I'm with him tbh lol. Extremely polarising games that I think a huge portion of gamers wouldn't get. Demon Souls wasn't exactly a huge hit in its OG incarnation but I'm glad the series found its audience and succeeded 

Shu always had a good eye for games but he definitely screwed on that one, From Software and the whole Souls series could have been part of Sony since the PS3 gen if he had faith in it.

Looking at it now it's great it didn't happen tho, as From Software could also be on the chopping block or not even existing anymore by now.

I understand a hard game like it would be hard to please everybody, specially during that specific generation, but calling it a bad game... he was out of his mind xD

Its not just the difficulty for me, its the whole feel of the game. If you expect certain things out of an action game and it defies most of those expectations without much pay off to you (as a player), you would probably feel the same.
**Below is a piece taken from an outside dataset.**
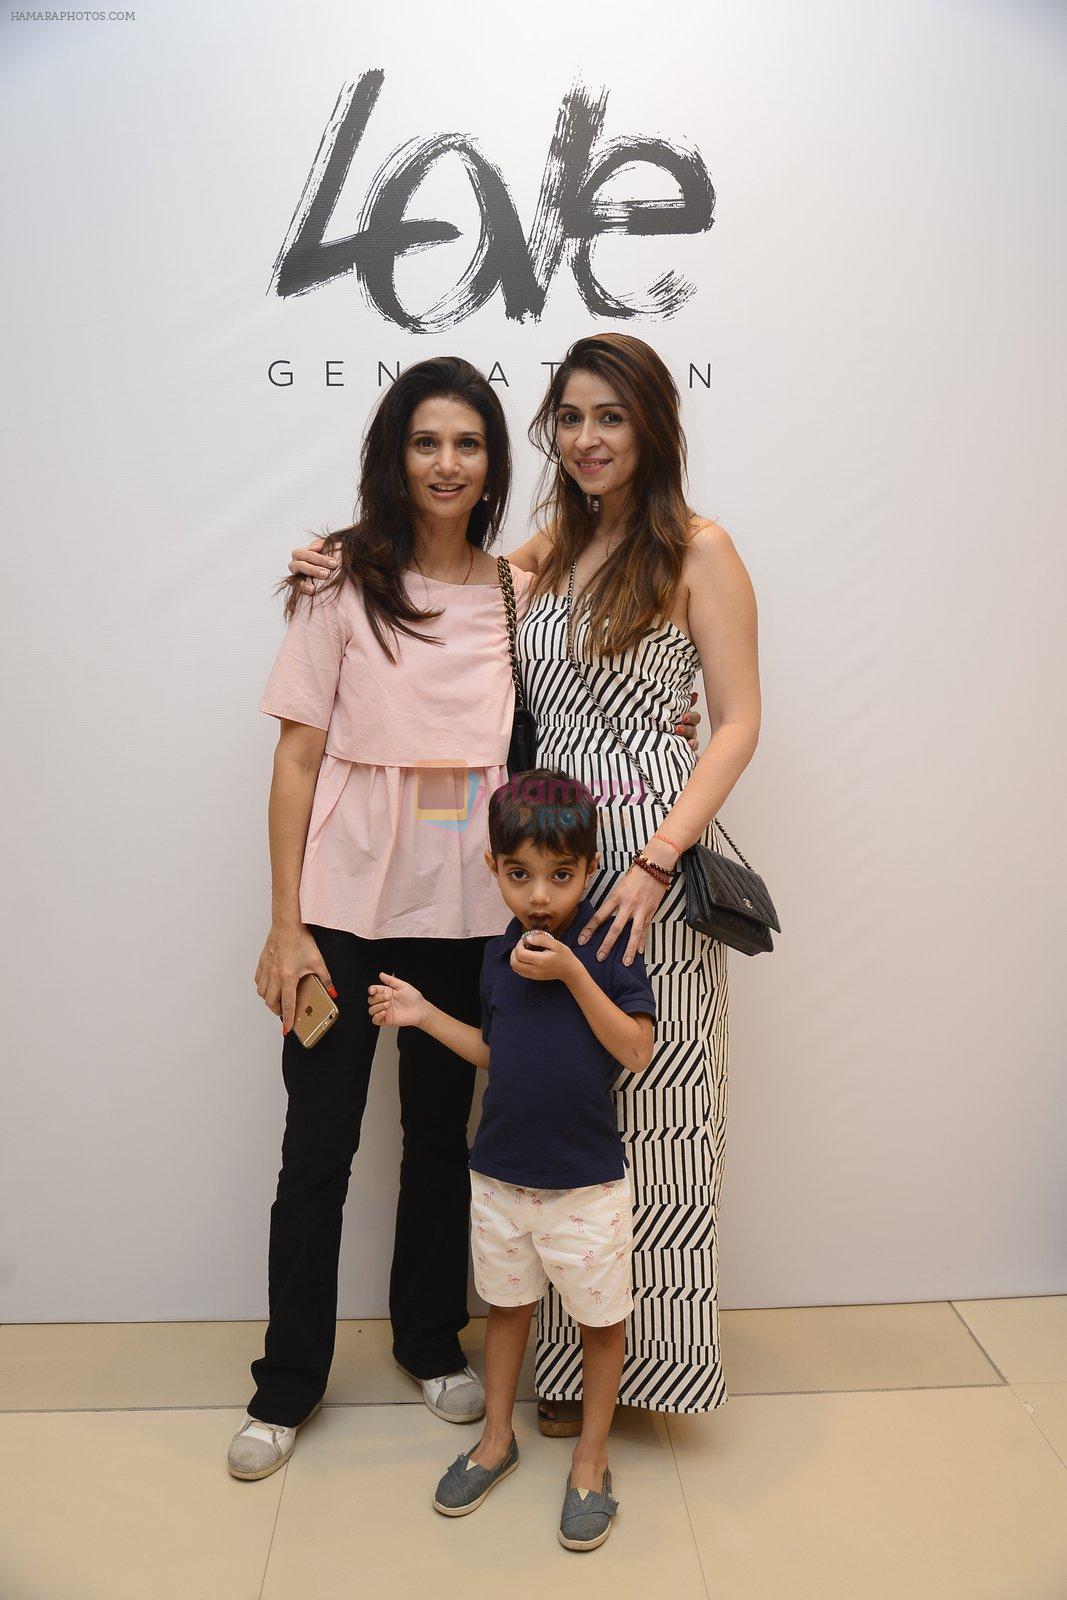 Rhea Pillai at Love Generation launch at Shoppers Stop on 7th Oct 2016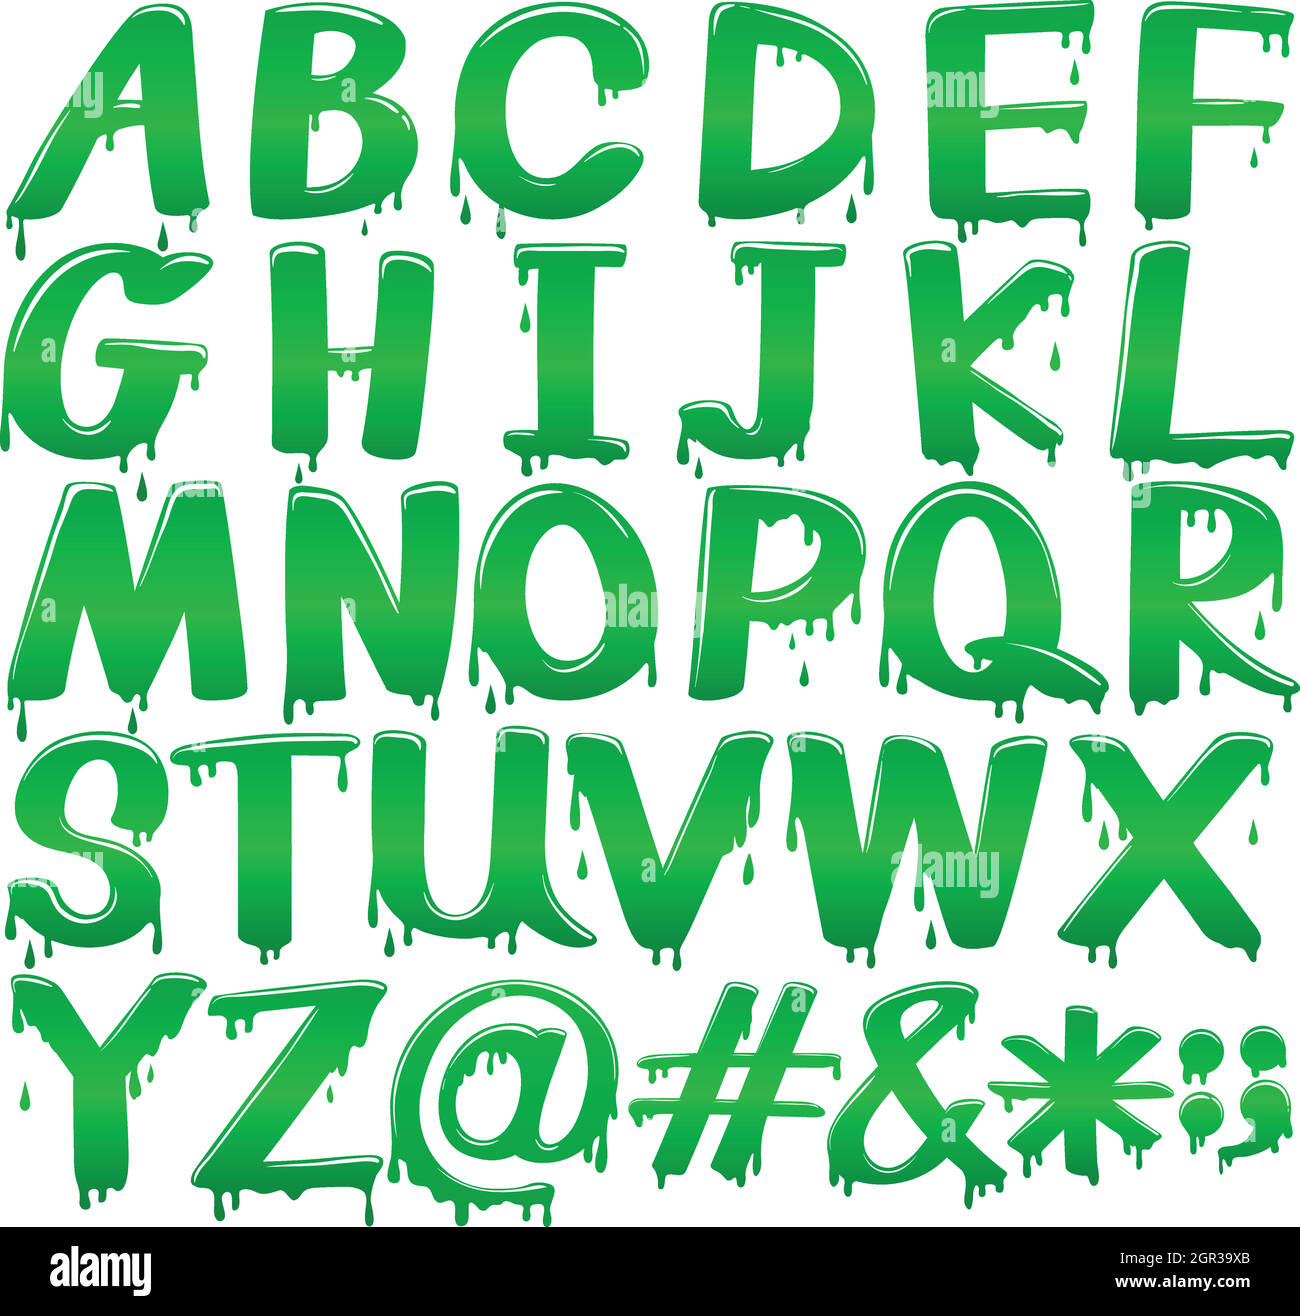 Letters of the alphabet in a melting green template Stock Vector

Demon souls is intentionally slow in movement in a way some may find sluggish, very paired back from a story telling perspective, has super clunky rag doll physics, very sunken in tone and on the surface level looks kind of unremarkable  next to the likes of DMC/GOW/Bayonetta etc. I legit think a solid amount of the PS userbase would walk away from that game experience calling it bad too if there wasn't hype and reviewers to tell them it was good and that they're the problem lol



They could have remade Ape Escape and Omega Boost. I wonder how many of them end up working at Retro.



Bite my shiny metal cockpit!

It really feels like in the AAA space nowadays either you make 20+ million selling megahits, or you get closed down.

Cost-cutting is the order of the day and any studio that isn't currently bringing in the big bucks goes on the chopping block, regardless of how useful or talented they are.



curl-6 said:

It really feels like in the AAA space nowadays either you make 20+ million selling megahits, or you get closed down.

Cost-cutting is the order of the day and any studio that isn't currently bringing in the big bucks goes on the chopping block, regardless of how useful or talented they are.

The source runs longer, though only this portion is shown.